An electrophotographic photoreceptor is a device used inside of a xerographic marking system on which a latent image is written by a laser or light emitting diode (LED) bar and then developed with a toner. An electrophotographic photoreceptor comprises, for example, a photosensitive layer that may consist of multiple layers including, a charge transport layer (CTL), a charge-generating layer (CGL), an undercoat (UCL) or “blocking” layer, and a supporting substrate layer or base. An overcoat layer (OCL) may also be employed to coat the charge transport layer and protect the charge transport layer, extending the mechanical life of the photoreceptor, in some instances, as much as 10-fold over uncoated photoreceptors of the same make.
Photoreceptors under long, repeated use and high stress conditions, such as, high temperature, high relative humidity, and rapid cycling, degrade or lose integrity of the layers making up the photoreceptor. Degradation of the layers of the photoreceptor may be observed as black spots in prints. Such black spots may develop as a result of charge deficient spots and cyclic instability of the photoreceptor. Print defects associated with charge deficient spots, or black spots, are therefore, a major shortcoming in xerographic systems and usually attributed to electrical leakage across the photoreceptor layers at those spots.
Although sources of electrical leakage are multifold, electrical leakage frequently involves degradation of interfaces among the three active layers of the photoreceptor, i.e., undercoat layer, charge generating layer, and charge transporting layer, and in particular, between the undercoat layer and substrate. The intrinsic life of a photoreceptor is significantly affected by the electrochemical reactions at the metal substrate/photoconductive layer interface. Degradation of the interface induces a conductive path transversal of the photoreceptor and causes electrical leakage. To minimize degradation, most available methods are directed at improving the composition of the three active layers, individually. The interfaces between the component layers of the photoreceptors often have been ignored because they are inherently difficult to investigate.
Undercoat layers are required to provide an effective barrier against hole injection from the substrate. Undercoat layers need to permit efficient electron transport at interfaces with the substrate, and in the bulk of the layer, provide plywood suppression, and provide a barrier against foreign material impaction, as well as have good adhesion properties.
Thus, there is a need to produce photoreceptors that resist degradation of the photoconductive layers, in particular photoreceptors that maintain the integrity of the interface between the substrate and photoconductive layers for a prolonged period of time so that the life of photoreceptor can be extended.

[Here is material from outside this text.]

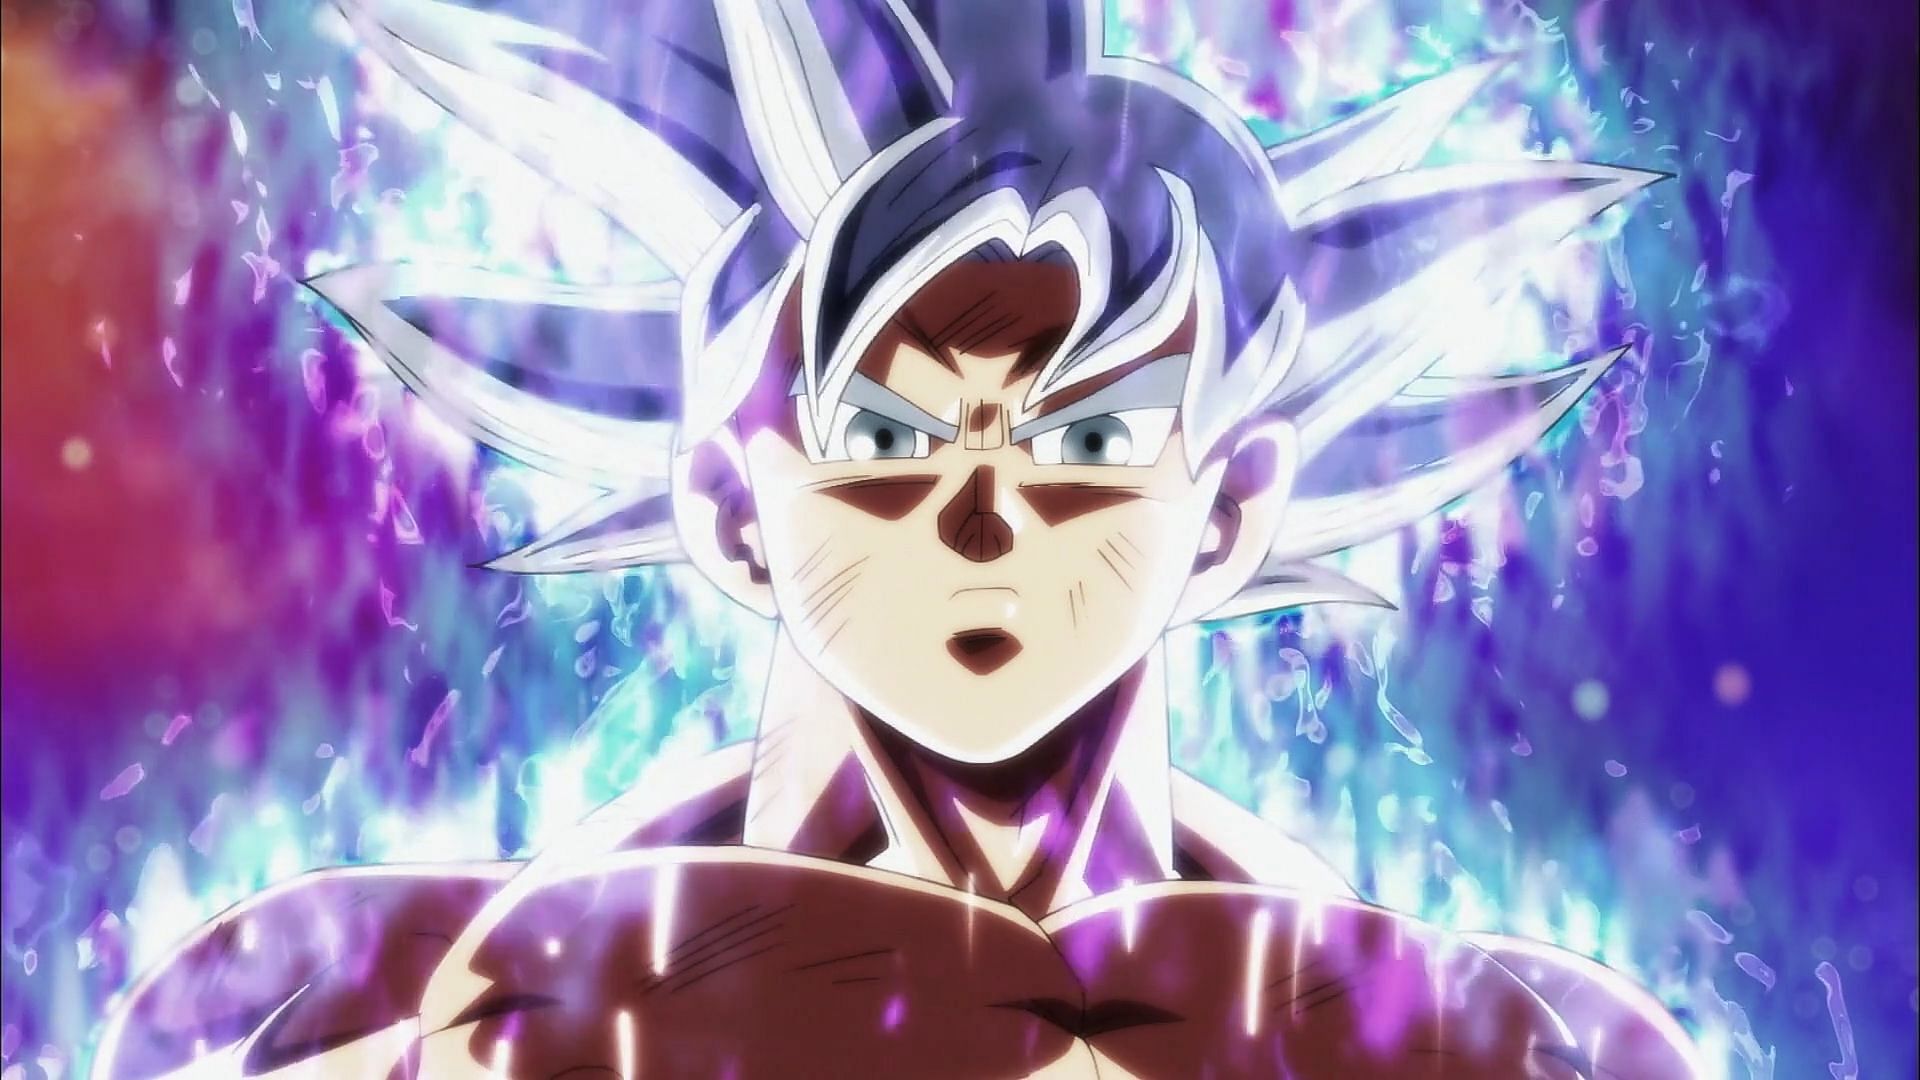 Mastered Ultra Instinct Goku as seen in the Dragon Ball Super anime (Image via Toei Animation)

To extend the functional life of a photoreceptor, comprising for example, an aluminum substrate, the surface of the substrate can be passivated to form, for example, an aluminum oxide layer. A process available for forming an aluminum oxide layer on the surface of a photoreceptor is anodization. Anodizing can be viewed as the deliberately controlled corrosion of the aluminum surface in acid to yield a uniform, continuous protective oxide film. Although anodization of aluminum substrates extends the life of the photoreceptor, relatively higher residual potential caused by the anodized layer can be problematic to the proper function of the photoreceptor. Also, the anodization process may require the use of strong acids, large amounts of water and electrical power, making the process difficult and dangerous to operate. Therefore, there is a need to find alternative, less complicated and safer processes to form a metal oxide layer on the surface of a photoreceptor substrate.
Aspects disclosed herein include
an electrophotographic photoreceptor comprising a substrate having an outer surface with a coating layer attached thereon, the coating layer comprising a metal oxide; wherein the coating layer is formed in situ by applying a solution to the substrate, said solution comprising an organometallic compound and a polar organic solvent and/or water; and curing the solution at a temperature of from about 300° C. to about 600° C.; and
a process comprising forming a coating in situ on a substrate, the coating comprising a metal oxide, wherein the coating is formed by applying a solution comprising an organometallic compound and a polar organic solvent and/or water to said substrate and curing the solution on the substrate in an oven at a temperature of from about 300° C. to about 600° C.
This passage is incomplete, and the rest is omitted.